→ Brief
The full listing, word for word and free of images, is the expected result.

→ Data segment
______________________________

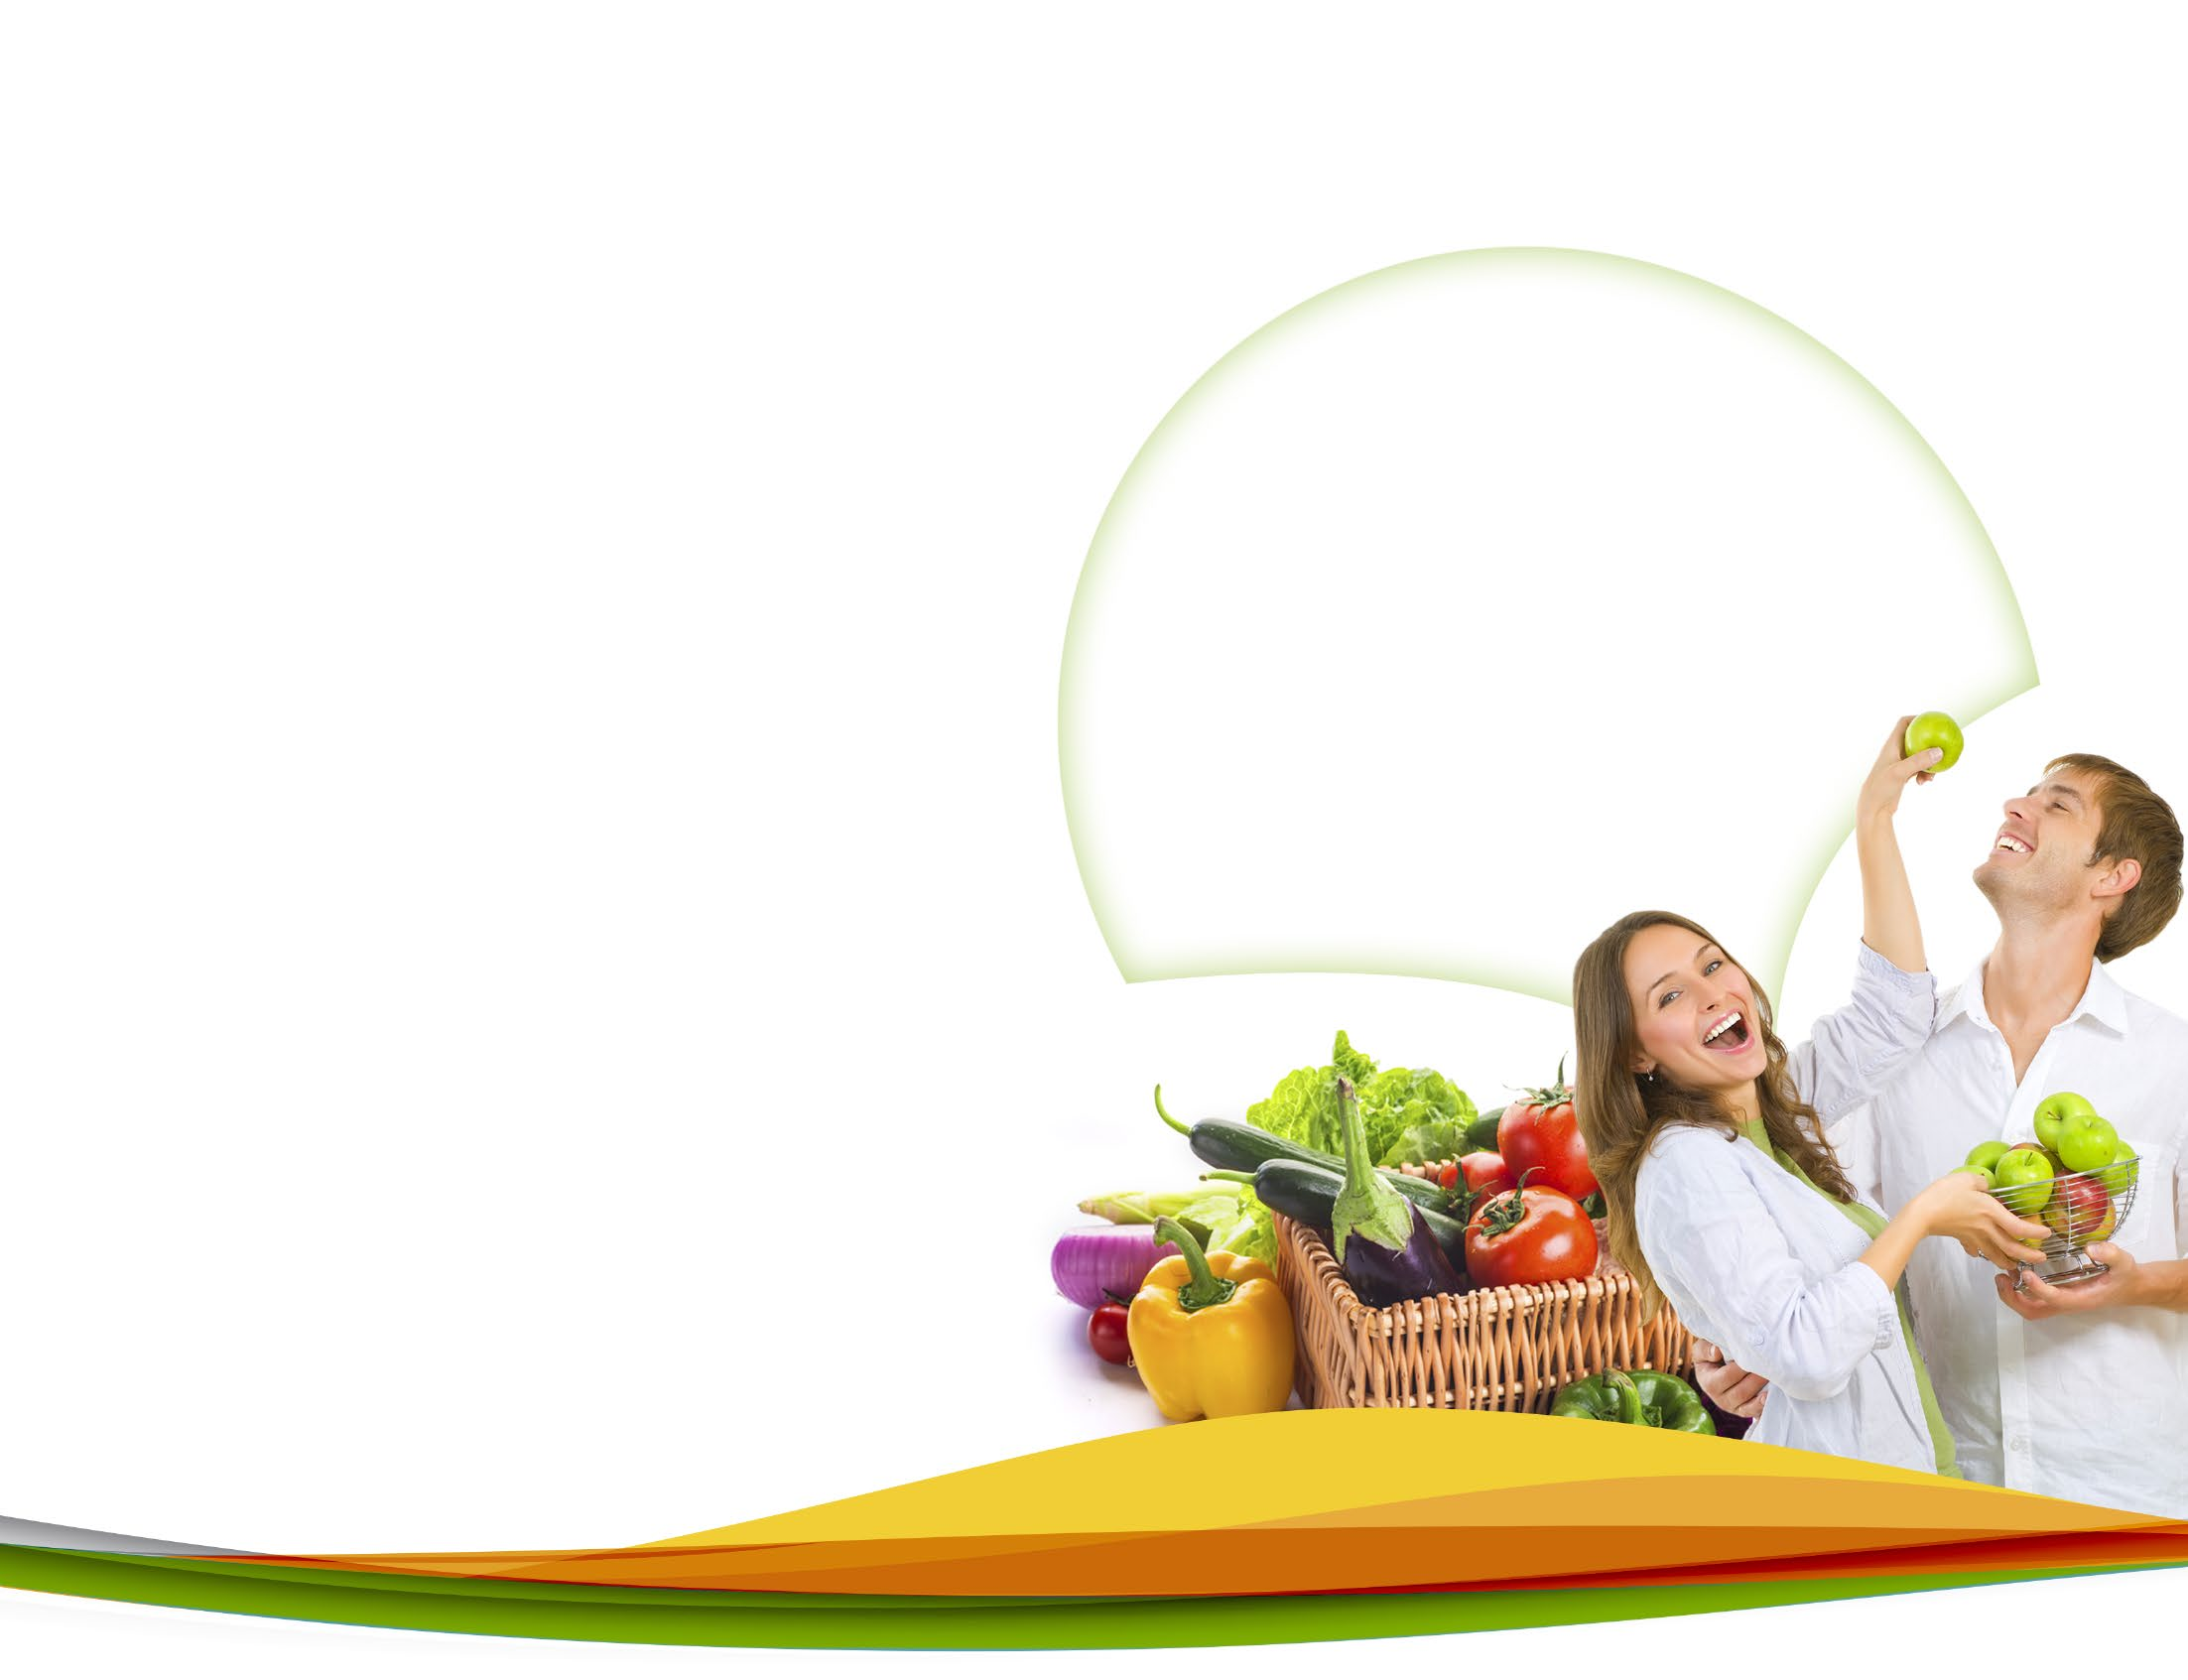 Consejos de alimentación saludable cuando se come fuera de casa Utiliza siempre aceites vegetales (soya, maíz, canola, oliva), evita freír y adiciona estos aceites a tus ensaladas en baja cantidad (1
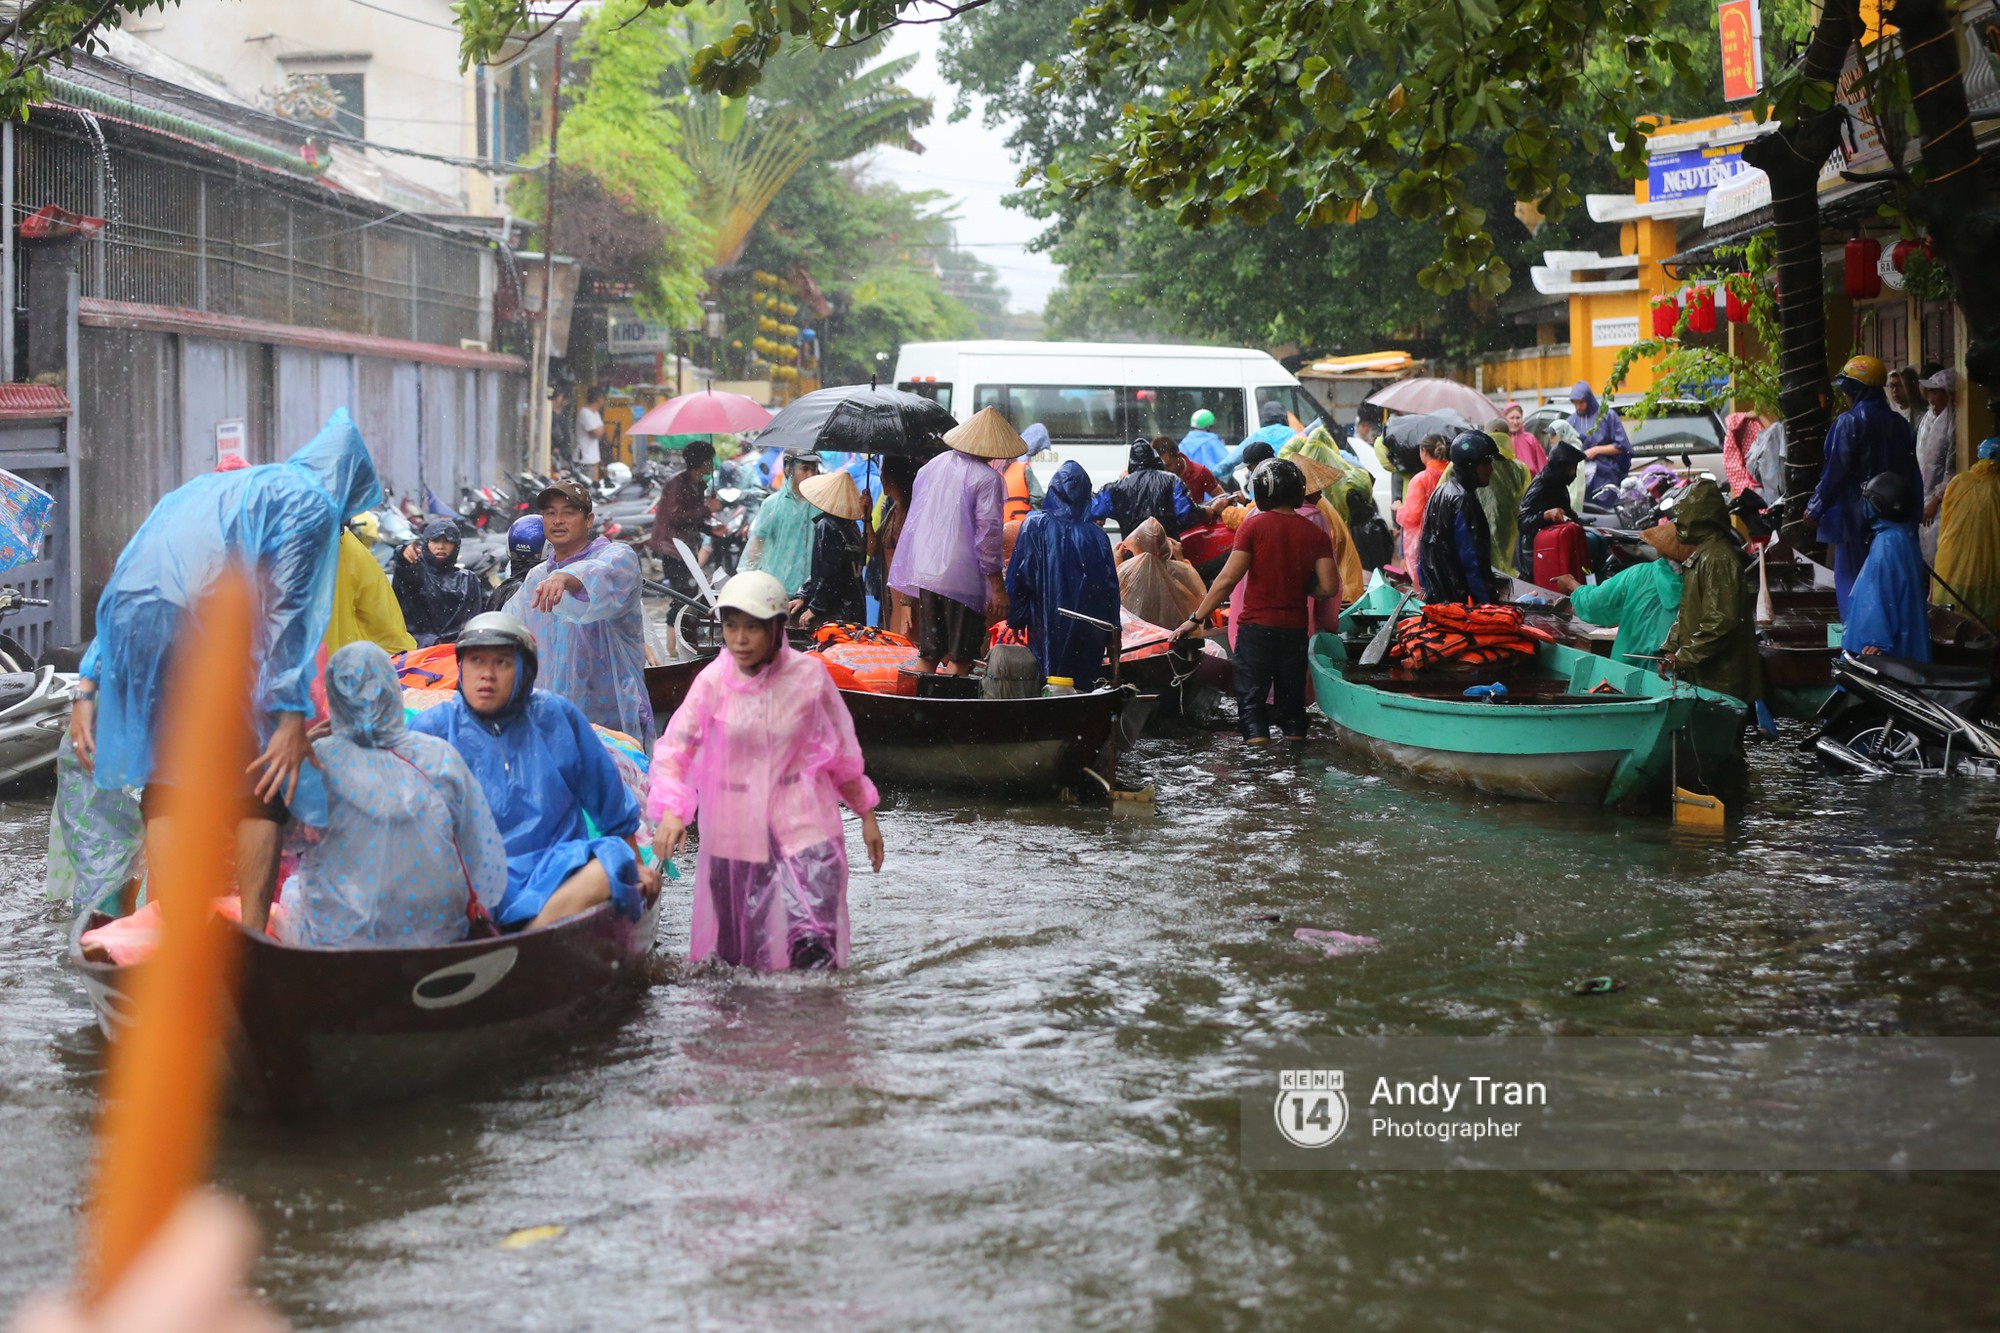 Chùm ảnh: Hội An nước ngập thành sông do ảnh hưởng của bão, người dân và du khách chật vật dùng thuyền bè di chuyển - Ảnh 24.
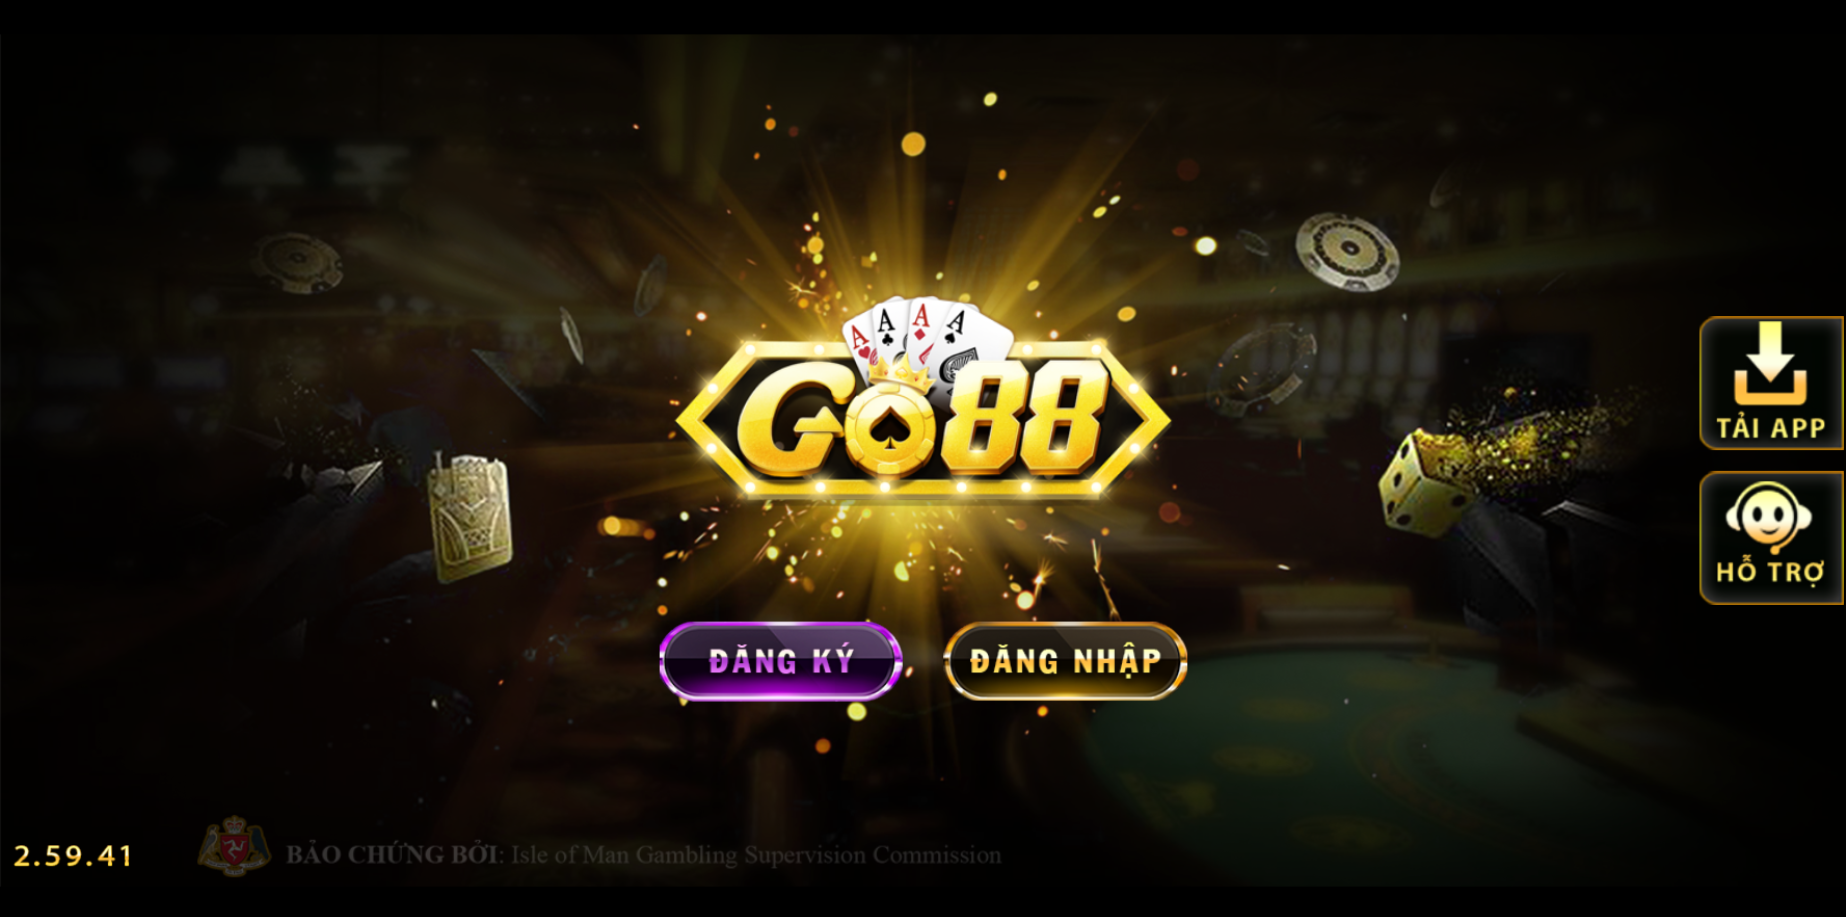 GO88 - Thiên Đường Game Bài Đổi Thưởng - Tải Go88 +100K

______________________________

→ Answer for the task
 Consejos de alimentación saludable cuando se come fuera de casa Utiliza siempre aceites vegetales (soya, maíz, canola, oliva), evita freír y adiciona estos aceites a tus ensaladas en baja cantidad (1
 Chùm ảnh: Hội An nước ngập thành sông do ảnh hưởng của bão, người dân và du khách chật vật dùng thuyền bè di chuyển - Ảnh 24.
 GO88 - Thiên Đường Game Bài Đổi Thưởng - Tải Go88 +100K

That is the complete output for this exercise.